Product views around Valentine’s Day are up 28% year over year, showing that consumers are exploring options early, narrowing their choices, and then waiting to purchase closer to the holiday. As February 14 approaches, that browsing turns more intentional, setting the stage for a concentrated buying window.
Self-indulgence rises
Valentine’s Day is also increasingly becoming a moment to indulge yourself, alongside Galentine’s-style celebrations and traditional gifting. While planned gifts are often purchased earlier in the season, a meaningful share of buying decisions now happen on the holiday itself, reflecting more spontaneous, in-the-moment purchases.

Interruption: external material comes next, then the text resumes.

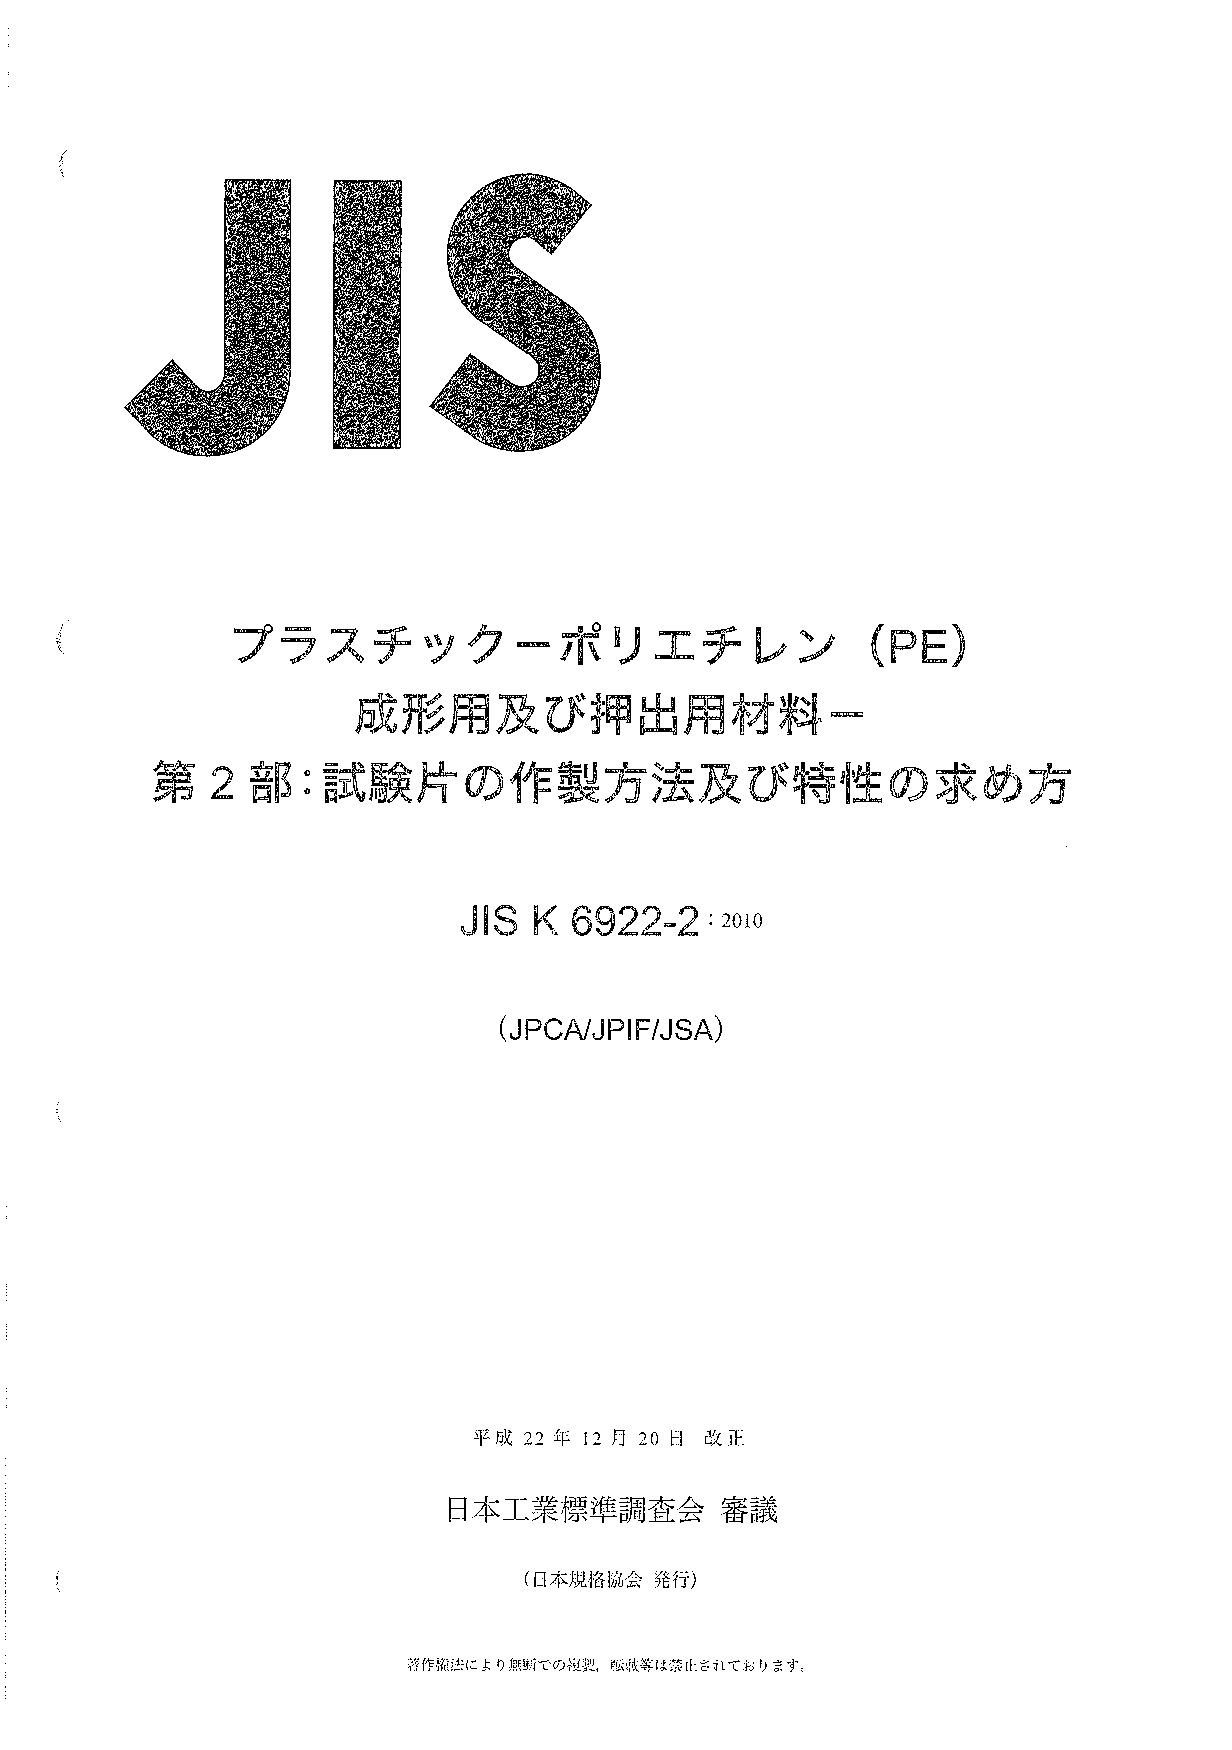 JIS K 6922-2:2010封面图
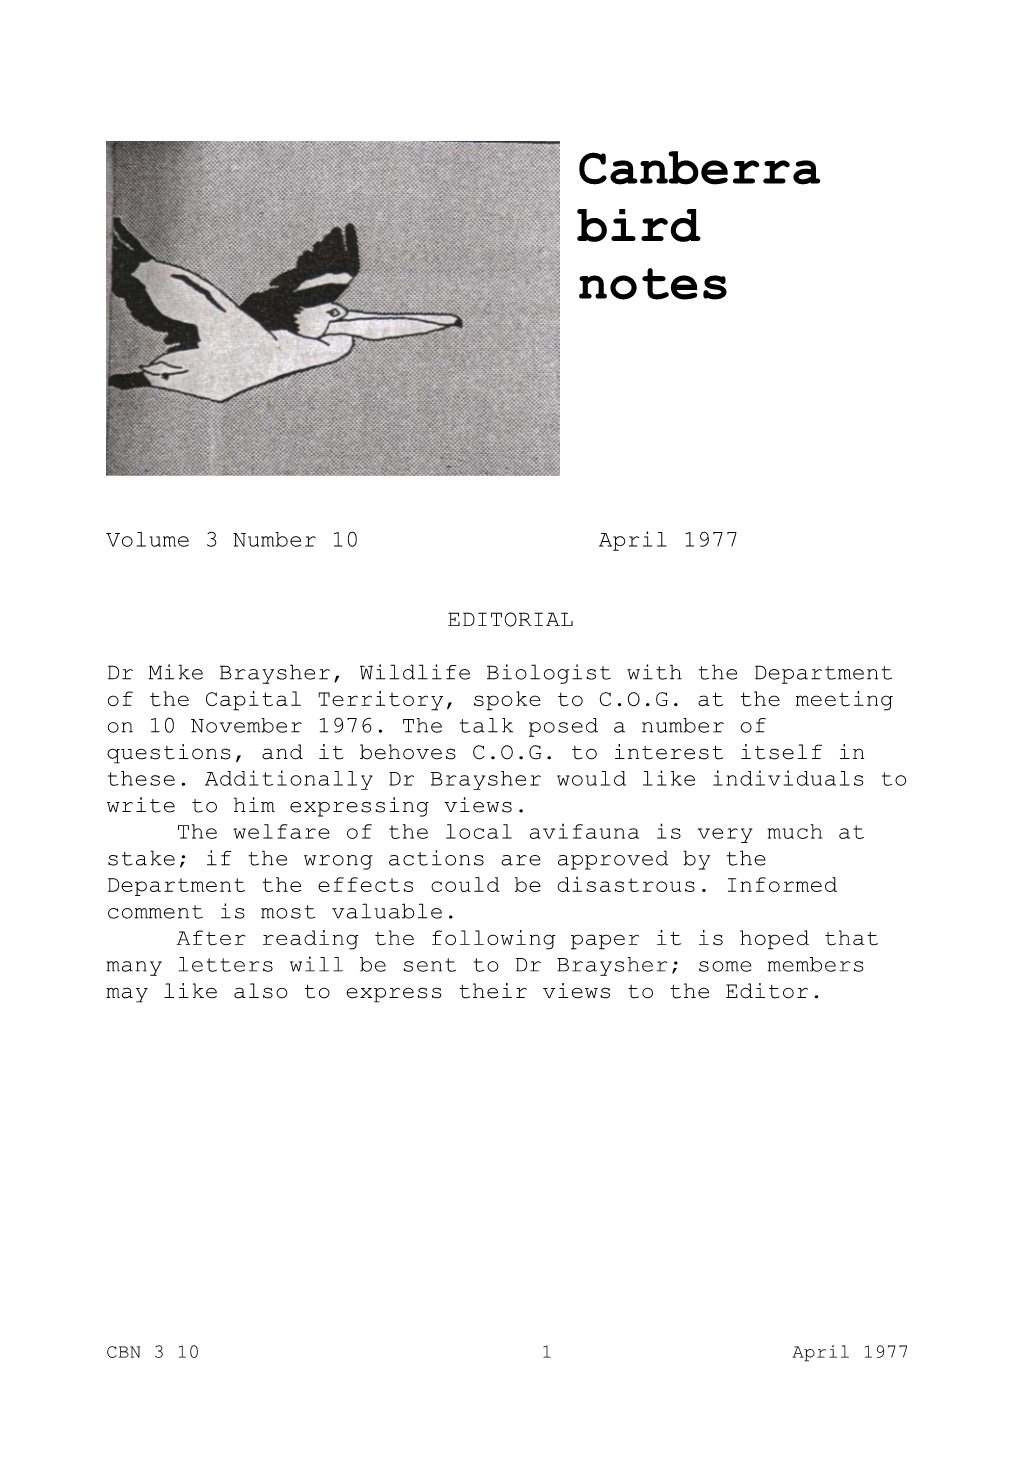 Canberra Bird Notes

That shift is mirrored in text messaging, which spikes on February 14, when more than 40% of campaigns reference Valentine’s Day. The data suggests brands that understand which moment their customer is shopping for can succeed without heavy discounting.
Season, not a day
Valentine’s shopping now begins almost immediately after the New Year, with brands leaning into holiday messaging in the first days of January and activity steadily building from there. This year, momentum picked up by late January, nearly three weeks before February 14, underscoring that Valentine’s has quietly become a full-season moment rather than a last-minute rush.
The pattern aligns with broader trends in retail consumer behaviour, where data-driven personalisation and understanding customer intent are replacing discount-led strategies. Brands that can identify whether shoppers are browsing for partners, friends, or themselves are finding they can drive conversions through relevance rather than price cuts alone.
The analysis examines shopping and marketing activity across Klaviyo customers during the Valentine’s Day peak shopping period, January 26 through February 14, comparing 2025 to 2026.